杨易非看着好友离开了办公室,低下头来想专心处理公文,怎奈心就是定不下来。
“看来我今天下午休息算了。”杨易非丢下笔,干脆“停工”了。
第十章
一般说来,过生日是一件很平常的事,甚至现在的小孩还可以让父母在速食店为他们庆生,有吃又有得玩。
但对某些孤儿而言,生日反而提醒他们,这一天是他们被父母遗弃的一天,或是双亲被老天夺走的一天。
身分证上的生日对曾平凡而言,就是代表被父母遗弃的一天,虽说她个性上不会自闭、偏激、钻牛角尖,但并不代表她很喜欢过生日。
自小到大,她所过的生日是指陈美瑜父母将她带离孤儿院的那一天。
身分证上的生日这一天,曾平凡都会在家“闭关”,为什么呢?因为这一天会让她的情绪低落。再加上出社会后有很多自认是她的朋友的人都会帮她庆生,当然庆生的日子就选这天了,她为了避免“麻烦”,这一天她向来不出门。

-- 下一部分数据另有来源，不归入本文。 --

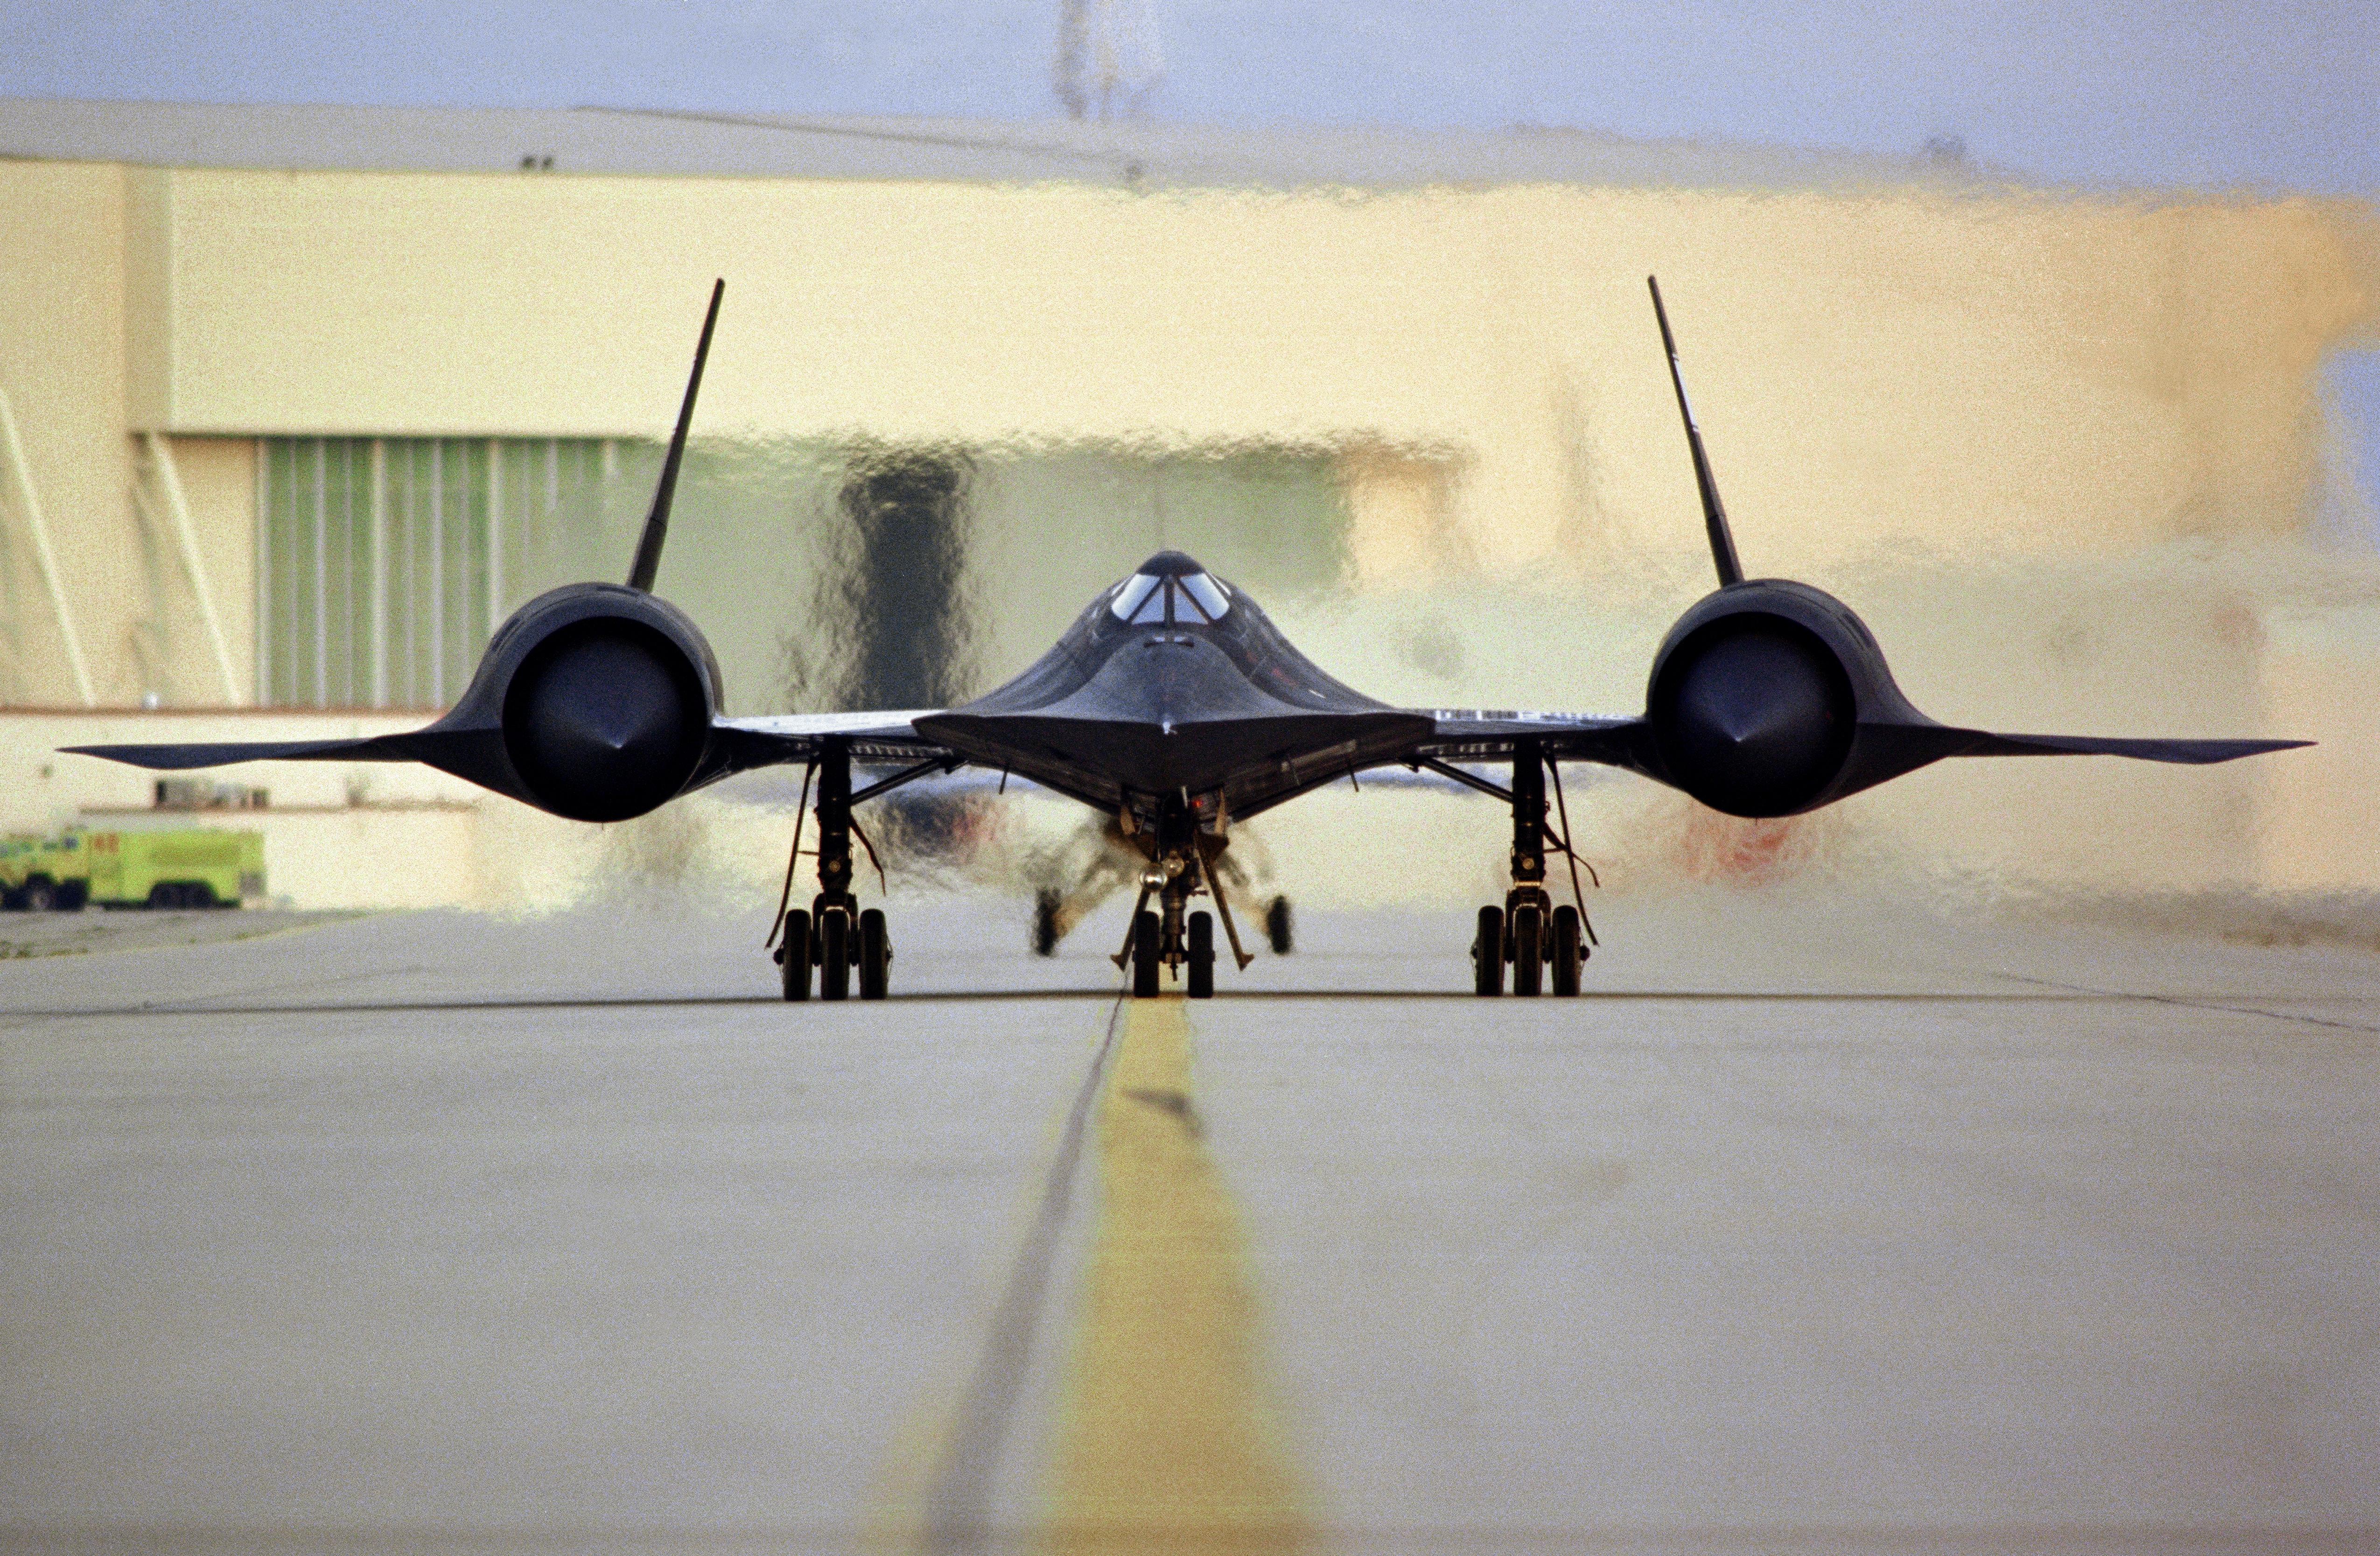 lockheed sr 71 blackbird, special forces, military, military aircraft wallpaper for mobile

星期六刚刚好是曾平凡身分证上的生日,杨易非不明所以地打算帮她庆生,结果却招来白眼加冷战一星期了。
“唉!”杨易非叹口气。
“怎么了,你这个星期加上今天这一次叹气,可以让你老到进棺材了。”陈秘书取笑着。
“陈姊,妳可不可以告诉我,我哪里错了?我只不过说要帮她庆生,她竟然给我白眼,而且还不和我说话。”他委屈地说。
“这个问题我就不知道了。”陈秘书也是一无所知。
“妳平日不是与她还不错,而且妳们都是女人,或许妳可以帮我。”他已经不出办法了。
“我是女人没错,但我的年龄似乎『大』了点,你怎么不问问语涵呢?”
“问她!那我这辈子大概连平凡的面都不用见了。”杨易非连想都没有想要问他姊。
陈秘书对他的反应是在意料之中,不过她对于杨语涵竟然被杨易非如此“摒弃”于外,也不禁要摇摇头。的确,杨语涵这丫头从以前就一直是“成事不足,败事有余”,当了妈妈之后还“死性不改”,这次要不是多了好几位“战友”,这次的“作战”主将早就“阵亡”了。

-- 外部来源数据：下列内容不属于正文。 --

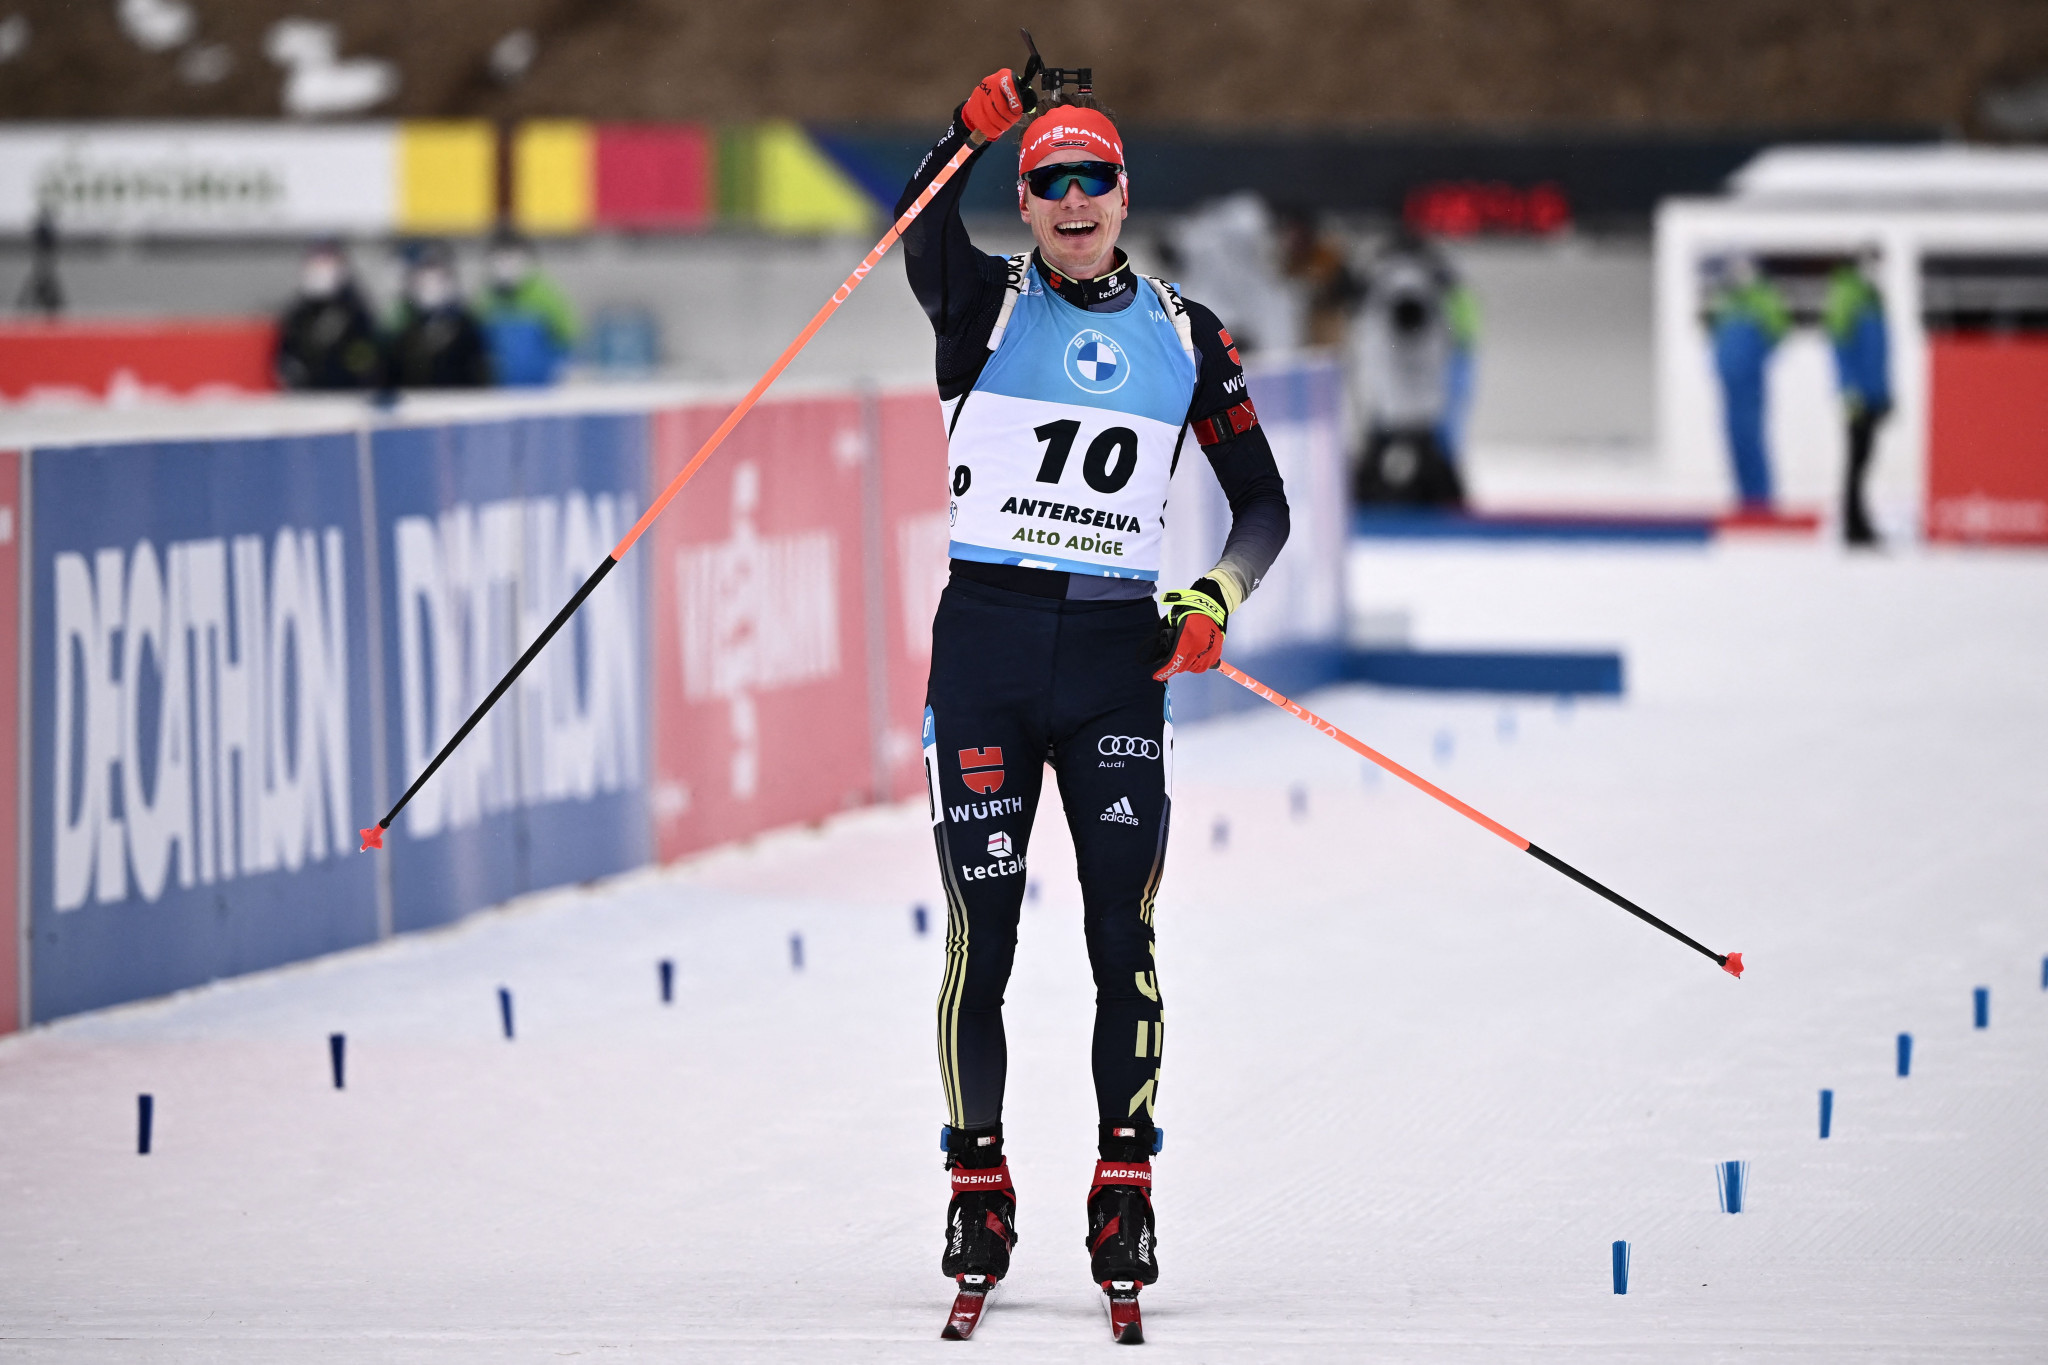 Benedikt Doll claimed his first victory in this season's Biathlon World Cup ©Getty Images

“那你有没有问她的朋友?”陈秘书也绞尽脑汁在想,她也不希望功亏一篑。
“有啊!余千惠说她也不是很明了,因为以前平凡生日的前后几天平凡都刚好排休,也不晓得是巧合还是有意的。”杨易非查了查曾平凡以前的出勤档案,发现了这个巧合的现象。
“那陈美瑜呢?”
“她最近不在台北,而且她也排休,闵谦快疯了。”杨易非想到好友与自己的状况差不多,心中稍感安慰。
“跟妳说曾秘书不在,陈秘书下南部,妳怎么听不懂?”吴谨秋气急败坏的声音传入总裁办公室。
杨易非与陈秘书对看了一眼。
陈秘书径自走出办公室去看个究竟。因为吴谨秋平日最“规矩”,怎么可能会如此“失大体”呢?这倒值得玩味,她不禁感到好奇。
片刻之后,陈秘书就带了一位女孩进来。
杨易非看了看这女孩,发觉她是个明眸皓齿、鹅蛋脸,有气质、漂亮的女孩。
杨易非在观察她的同时,女孩也在看着他。
“妳是谁?”杨易非开口道。
“你是谁?”没想到女孩也回他这句话。
陈秘书看他们两人好像在演双簧,心想这个女孩长得还不错,不过怎会与杨易非抬杠呢?
杨易非自认为有点明白这个女孩的反应,所以换个方式来问。
“我叫杨易非。”他等待着心里所想的答案。
“我晓得了!”
咦!怎么这次她没跟着说“我是XXX”,他偏着头看着女孩。
陈秘书噗时一声笑出来,看着杨易非吃瘪。
女孩听到陈秘书的声音,转头看了她一眼,然后也噗时一声笑出来。
杨易非呆了一下,不明白这个女孩怎么这么“古怪”。